After recording 2.5 sacks in a Week 5 victory against the Philadelphia Eagles, Bonitto was named AFC Defensive Player of the Week. In Week 13 against the Washington Commanders, Bonitto swatted away Marcus Mariota's two-point conversion pass attempt in overtime, which would've won Washington the game, to seal a 27–26 Broncos overtime victory. Bonitto helped the Broncos defense become one of the league's top units during the 2025 season, contributing to a league-leading 68 sacks with his own 14.0 on the season. In the Divisional Round against the Buffalo Bills, Bonitto recorded 3 tackles (2 solo, 1 combined) and two forced fumbles, one of which, a strip sack on quarterback Josh Allen.

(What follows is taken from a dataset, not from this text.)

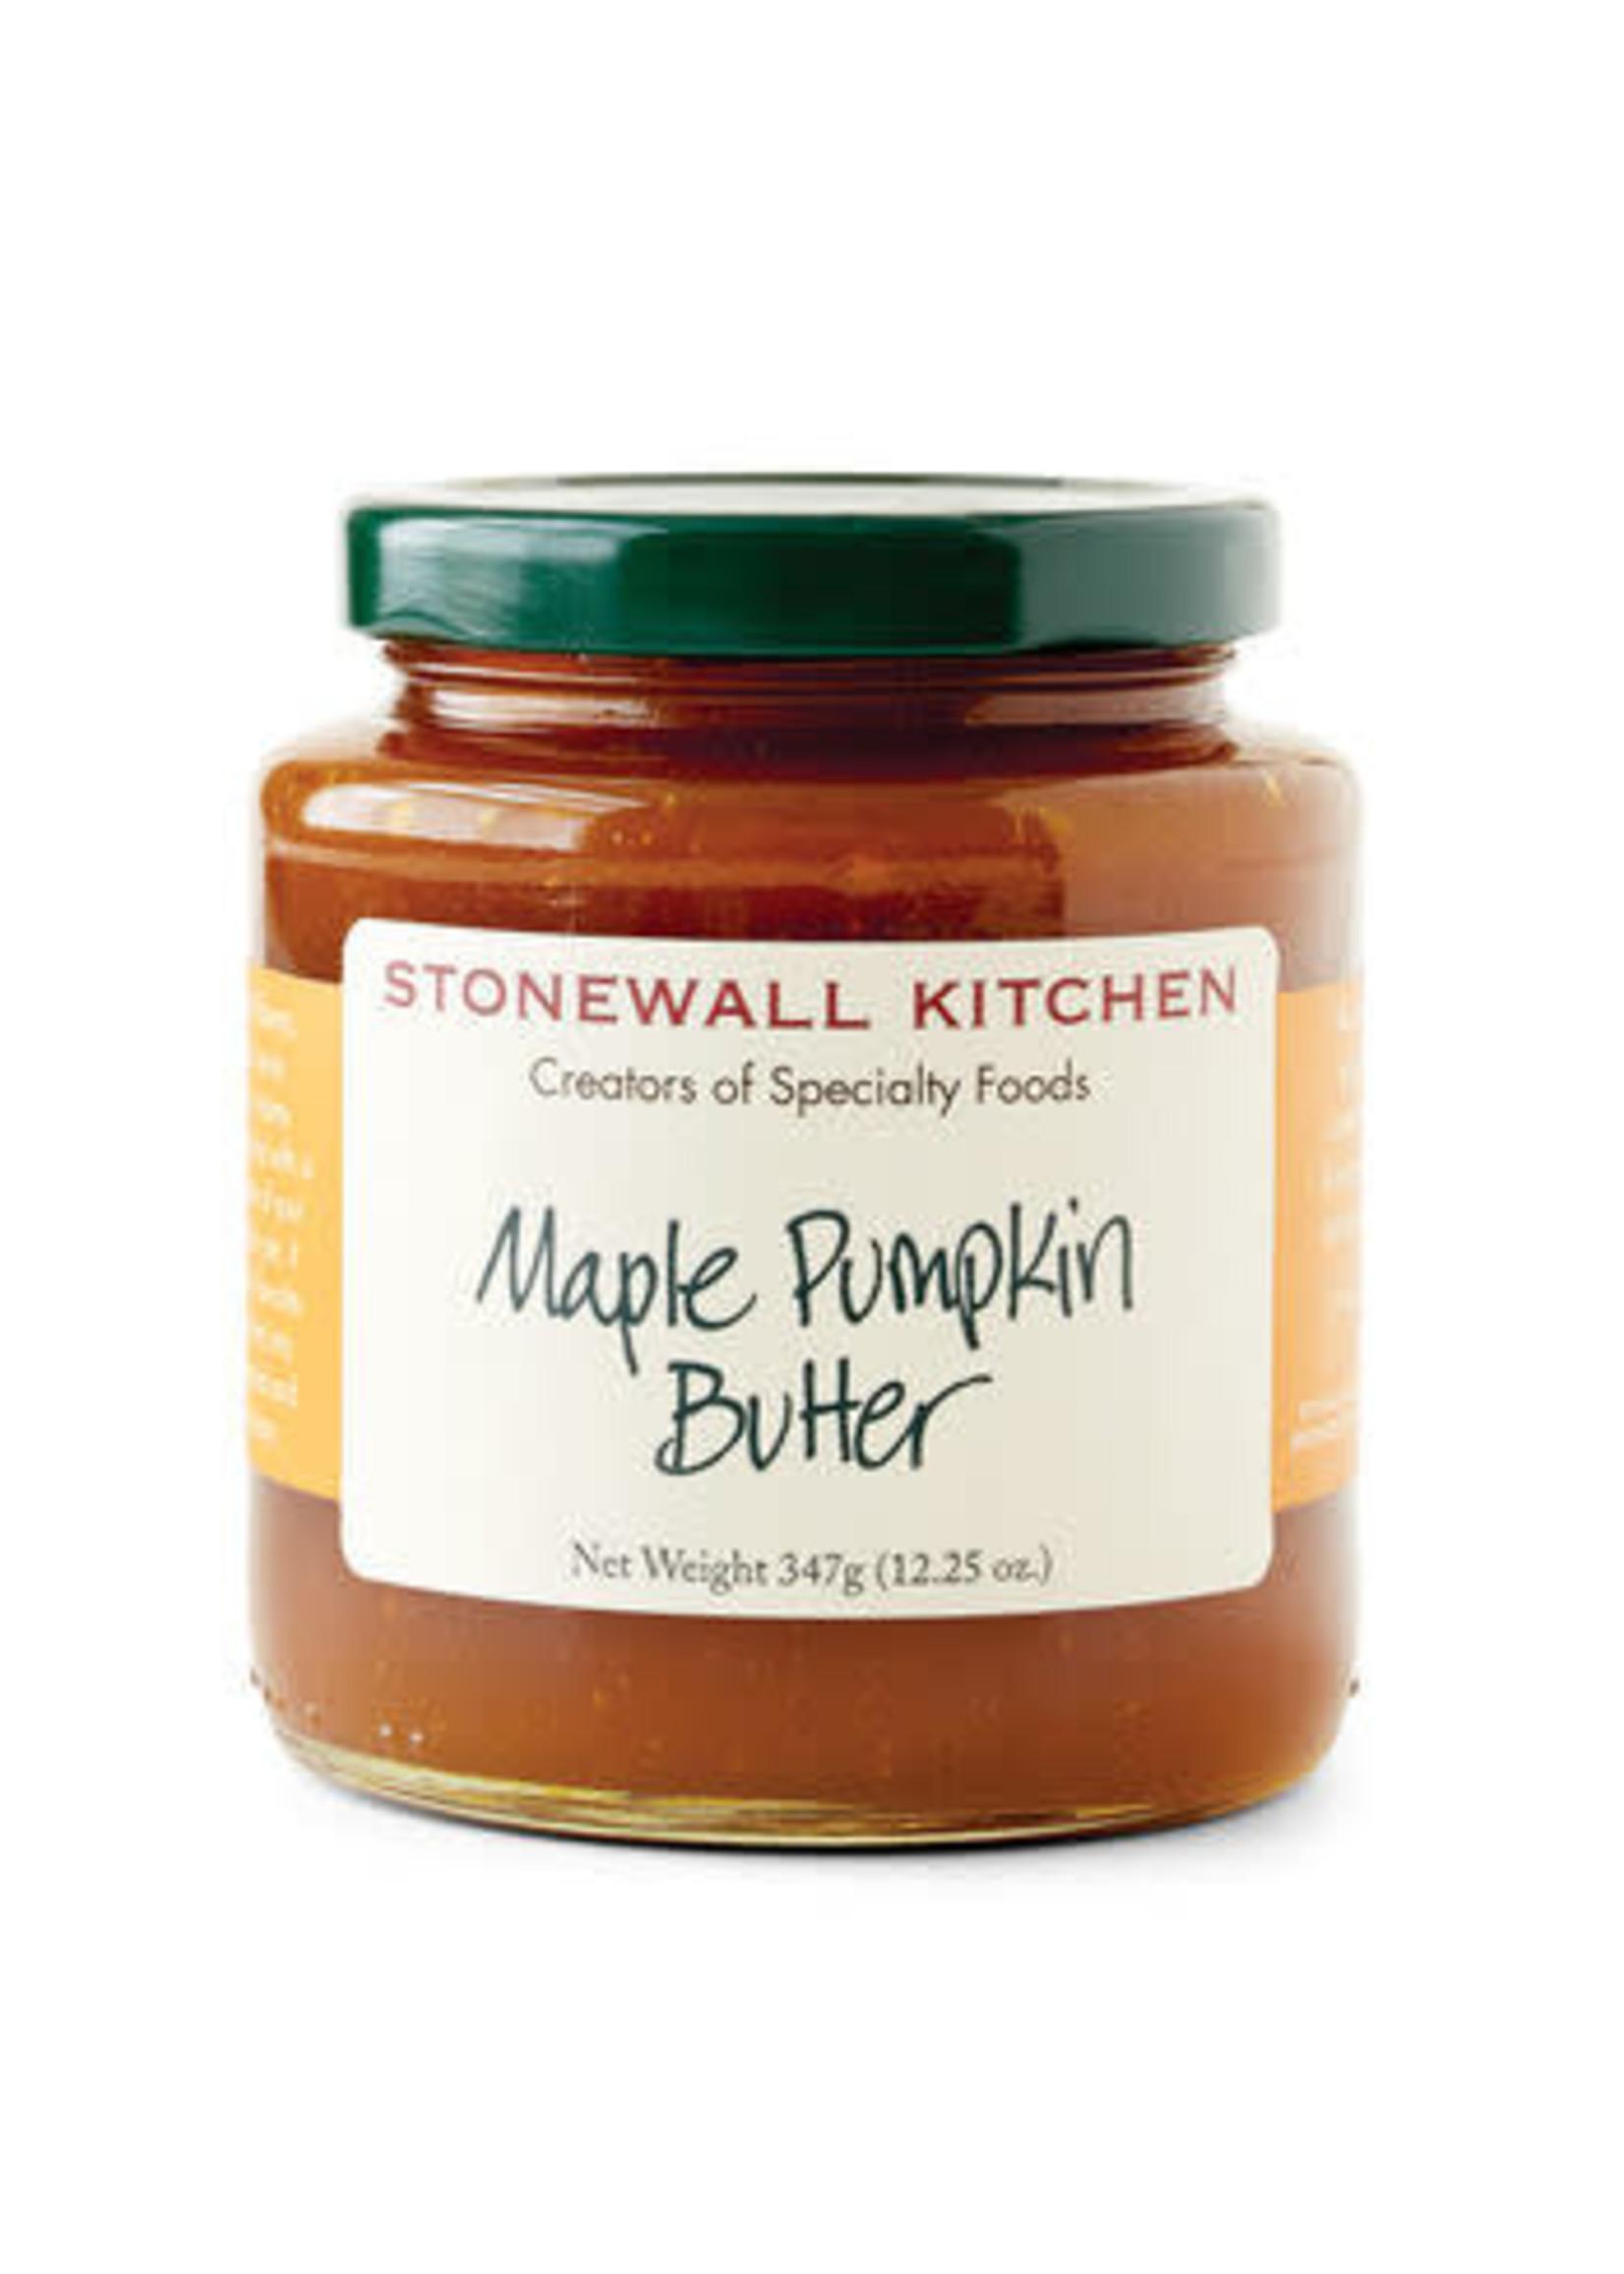 Stonewall Kitchen Maple Pumpkin Butter

Bonitto was ranked 32nd by his fellow NFL players on the NFL Top 100 Players of 2026.

==Career statistics==

Legend
| Bold | Career high |

===NFL===
====Regular season====

Year: Team; Games; Tackles; Fumbles; Interceptions
GP: GS; Cmb; Solo; Ast; Sck; TFL; FF; FR; Yds; TD; PD; Int; Yds; TD
2022: DEN; 15; 1; 14; 6; 8; 1.5; 1; 1; 0; 0; 0; 0; 0; 0; 0
2023: DEN; 15; 4; 30; 23; 7; 8.0; 13; 1; 0; 0; 0; 2; 0; 0; 0
2024: DEN; 17; 15; 48; 33; 15; 13.5; 16; 2; 1; 50; 1; 4; 1; 71; 1
2025: DEN; 17; 16; 46; 31; 15; 14.0; 14; 2; 0; 0; 0; 1; 0; 0; 0
Career: 64; 36; 138; 93; 45; 37.0; 44; 6; 1; 50; 1; 7; 1; 71; 1

==== Postseason ====

Year: Team; Games; Tackles; Fumbles; Interceptions
GP: GS; Cmb; Solo; Ast; Sck; TFL; FF; FR; Yds; TD; PD; Int; Yds; TD
2024: DEN; 1; 1; 4; 2; 2; 0.0; 0; 0; 0; 0; 0; 0; 0; 0; 0
2025: DEN; 2; 2; 3; 2; 1; 1.0; 1; 2; 0; 0; 0; 0; 0; 0; 0
Career: 3; 3; 7; 4; 3; 1.0; 1; 2; 0; 0; 0; 0; 0; 0; 0

===College===

Year: Team; GP; Tackles; Interceptions; Fumbles
Cmb: Solo; Ast; Sck; TFL; Int; Yds; Avg; TD; PD; FF; FR; Yds; TD
2018: Oklahoma; 4; 3; 2; 1; 0.0; 0.0; 0; 0; —; 0; 0; 0; 0; 0; 0
2019: Oklahoma; 14; 43; 25; 18; 3.5; 6.5; 1; 0; 0.0; 0; 4; 0; 0; 0; 0
2020: Oklahoma; 10; 32; 18; 14; 8.0; 10.5; 0; 0; —; 0; 2; 0; 0; 0; 0
2021: Oklahoma; 12; 39; 23; 16; 7.0; 15.0; 0; 0; —; 0; 1; 1; 3; 70; 0
Career: 40; 117; 68; 49; 18.5; 32.0; 1; 0; 0.0; 0; 7; 1; 3; 70; 0

== Personal life ==
Bonitto is of Cuban, Jamaican and Haitian descent. On February 4, 2026, Bonitto was named the inaugural Hispanic Professional Football Player of the Year by the Hispanic Football Hall of Fame.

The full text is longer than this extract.